The Sumapaz River (Río Sumapaz) is a major tributary of the Magdalena River in Colombia. The 95 km long river originates in the Eastern Ranges of the Colombian Andes at the largest páramo in the world; Sumapaz, of which it takes its name. It forms the natural boundary between the departments of Cundinamarca and Tolima.

== Course ==

The Sumapaz River flows through the Magdalena Valley montane forests ecoregion in its upper reaches. The Sumapaz River flows through the department of Cundinamarca. It takes its name from its place of birth in the Sumapaz Páramo, the largest páramo in the world, in the rural zone of Bogotá. It is one of the main tributaries of the upper course of the Magdalena River

In ancient times, it was known as the Fusagasugá River, with a length of 200 km. The lower reaches of the Fusagasugá River become the Sumapaz after the confluence of the Chocho and Cuja. The river and its tributaries, the Gobernador, Bejucal, San Juan, Negro, Guavio, Batán, Juan Viejo, Corrales, Bosque, Colorado, Barroblanco, Subia or Chocho, Panches and Pagüey all originate in the Sumapaz and San Fortunato páramos, apart from the Pagüey. The Fusagasugá valley is known for its pleasant climate and the surrounding hills. There was a 100 km2 Fusagasugá Lagoon, which probably drained through the Melgar Valley. The river crosses the municipalities of Cabrera, Venecia, Pandi, Icononzo, Nilo, Melgar and Ricaurte. It forms the natural boundary between the departments of Tolima and Cundinamarca.

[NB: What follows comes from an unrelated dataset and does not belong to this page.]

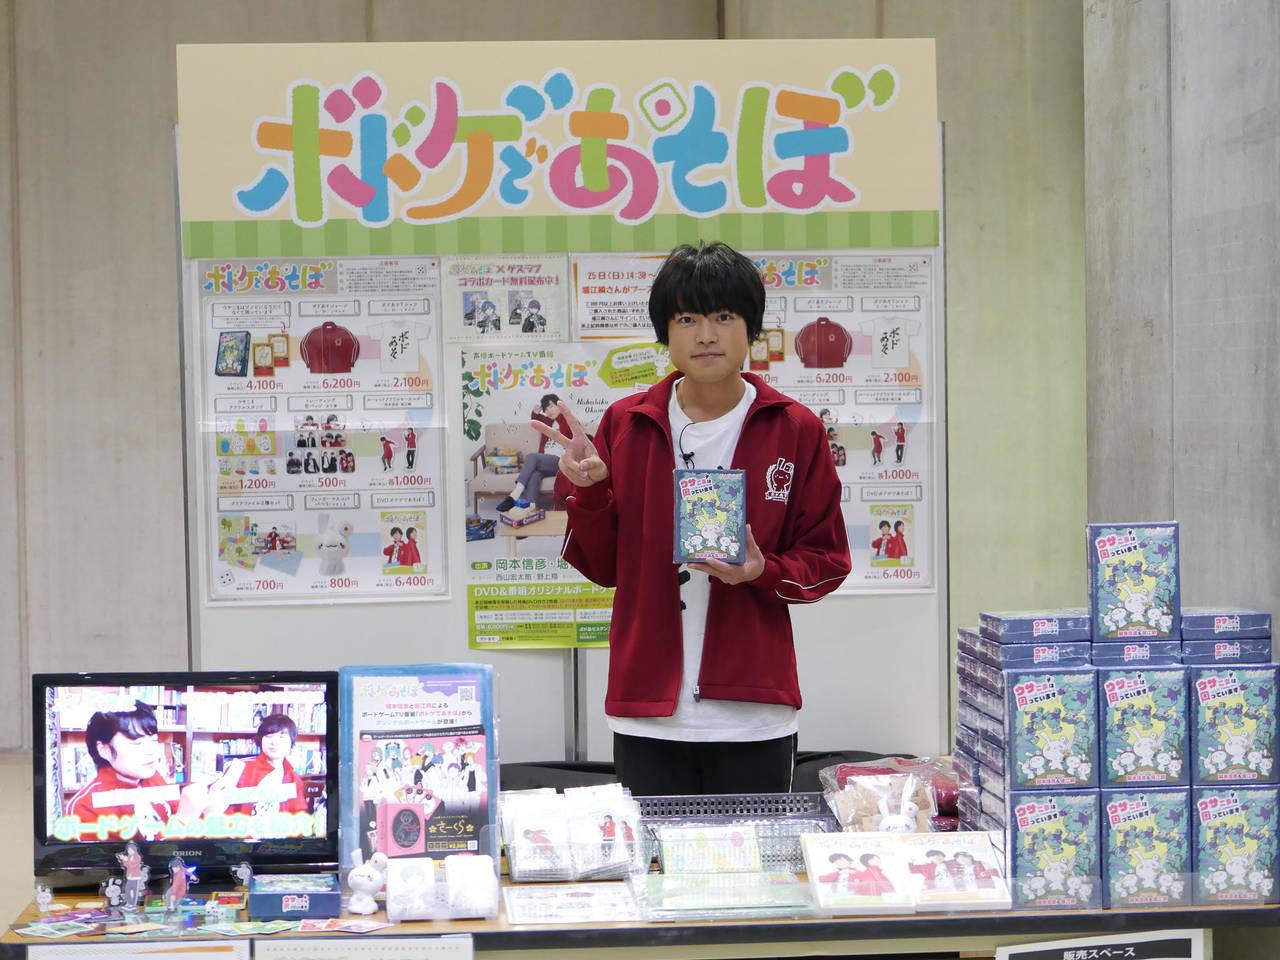 テレビ番組『ボドゲであそぼ』MC堀江瞬がゲームマーケットに登場! サイン会後のインタビューを公開

== Physical and natural aspects ==
The Sumapaz River can be divided into three sections: source, middle and lower valley. The source is in the Sumapaz Páramo, the world's largest páramo, and one of the most important sources of water, supplying the southern part of the Cundinamarca and important towns in the Tolima department. The middle course of the river drops from 4710 to 289 m above sea level before reaching the lower valley formed by the river in the municipality of Melgar, which extends to its mouth on the Magdalena River in the municipality of Ricaurte.

== Tourism ==
The municipalities of Pandi, Melgar and Ricaurte are in the lower valley. These hold vacation spots for the people of the capital of Colombia, Bogotá, drawn by the warm climate and important tourist sites and hotels. In recent years, adventure sports like river rafting have become popular.

The Icononzo natural bridge is an important natural attraction, a geological formation of great beauty and complexity that was once visited by the German naturalist Alexander von Humboldt and that was once considered one of the hundred natural wonders of the world.

== Future hydroelectric project==
Since 2010, the power generation company Emgesa, a subsidiary of the Italian company Enel, has been conducting pre-feasibility and feasibility studies for construction of eight small hydroelectric power plants along the 50 km stretch of the Sumapaz between the mouth of the San Juan River and the Las Lajas gorge, in the municipalities of Cabrera, Venice and Pandi in the department of Cundinamarca, and the municipality of Icononzo in Tolima.